Two finance professors out of Appalachian State University, Jarrod Johnstone and Ivan Roten, took a look at Income Based Repayment (IBR) and Public Service Loan Forgiveness (PSLF) and the possible impact this may have on individuals, college tuition and the economy. IBR has been around since 2009 and capped payments at 15% of discretionary income but soon drop to 10%. After 20-25 years of payments, remaining balances will be forgiven, albeit the amount written off will be taxable.
The second program they looked at was Public Service Loan Forgiveness (PSLF) where after 10 years of on-time payments, remaining balances are written off tax free. PSLF can be combined with IBR to offer the lowest possible payments for the 10 years of payments. The discretionary income that payments are based on is the difference between adjusted gross income and 150% of the poverty level. So, that’s the basics of what they looked at, now let’s look at their theories and what this means for us.
While these are just theories, they are worth considering:
#1 IBR/PSLF make big debt seem more reasonable
Because of the forgiveness components of both of these programs, the professors theorize that these two programs make taking on larger amounts of student loans either more attractive or less problematic than before. This is a problem – people likely should be cautious about taking on a mountain of debt. And what’s more troubling is that people may not realize just how much of a tax hit they’re in for if they have a large amount of student loan debt wiped out under IBR. A $40,000 loan write off could cost you $6,000-$8,000 (or more) in taxes.

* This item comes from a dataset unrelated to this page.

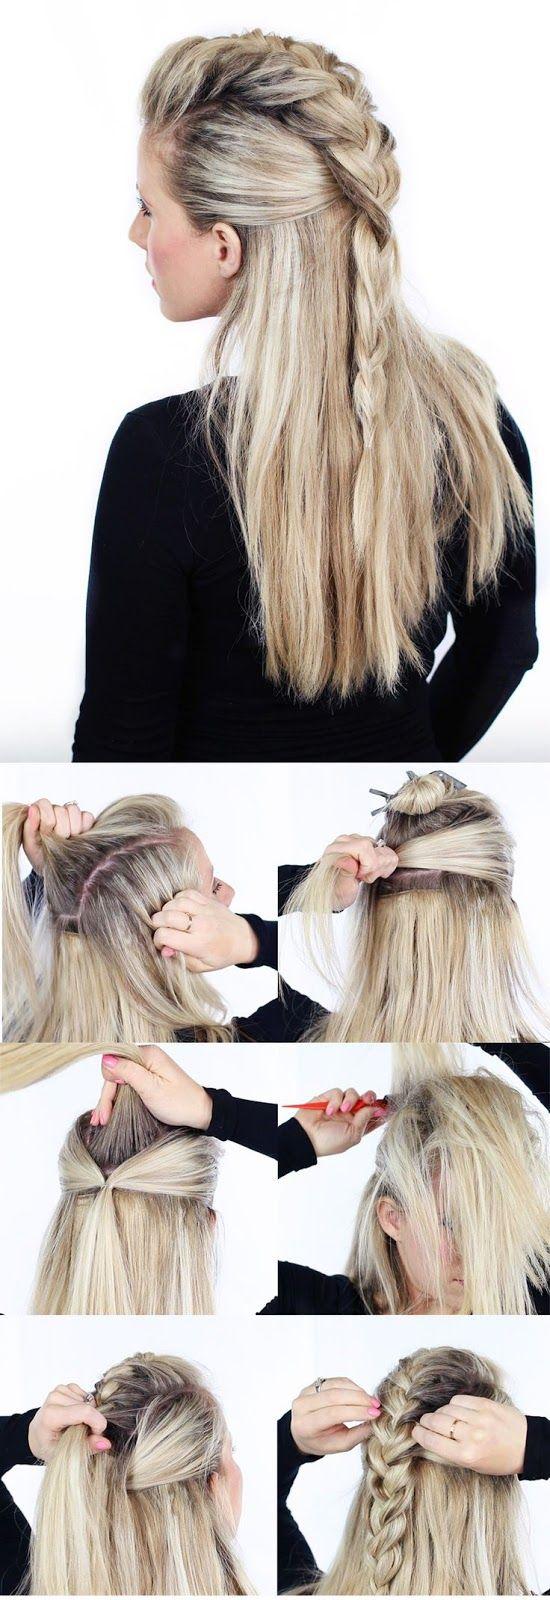 Long braided half updo hairstyle tutorial calgary edmonton

#2 IBR teaches you bad debt habits
With IBR, student loans can be the one form of debt where the payment amounts aren’t driven by how much debt you’re in, but rather by your income. Wouldn’t it be great if you could buy a $300,000 house and a $70,000 car and your payments be determined by your income and it would be okay that you bought these on a $35,000 salary? Sounds great, but that’s not how the world works and it’s a bad habit to get into. With this mindset, students may rack up credit card debt they can’t afford and adopt other poor financial practices.
#3 IBR makes bad school choices more attractive to poor students
Many online colleges, shady trade schools and less-than-reputable institutions market themselves to low income and poor students and promise them a “free” education. They can also now promise low monthly payments and loan forgiveness based on IBR. Schools process student loan applications for them and max out what they can borrow. Often, borrowers don’t even know what’s happening, how much debt they’re accumulating and may not end up with a degree or any licensing they can use to get a job. The good news is they can use IBR. The bad news is, they may get no results from their schooling.
#4 IBR can shift the costs of education to the federal government
While it may sound great that the government pays for college, in fact, it’s not financially feasible under our current system and economy. Instead, what happens is that if the government is offering sizable student loans and then writing them off, colleges take advantage and keep hiking up tuition rates. The more the government underwrites the debt, the more colleges will keep increasing the rates. At some point, this system will crumble and then student loans may not be possible for anyone anymore.
If you truly can’t afford your debt, IBR is definitely the way to go. And if you’re just starting to borrow, remember that accumulating the least possible debt is the wisest move. If you can afford your loan payments, we recommend making those plus a little extra to pay off your loans as fast as possible.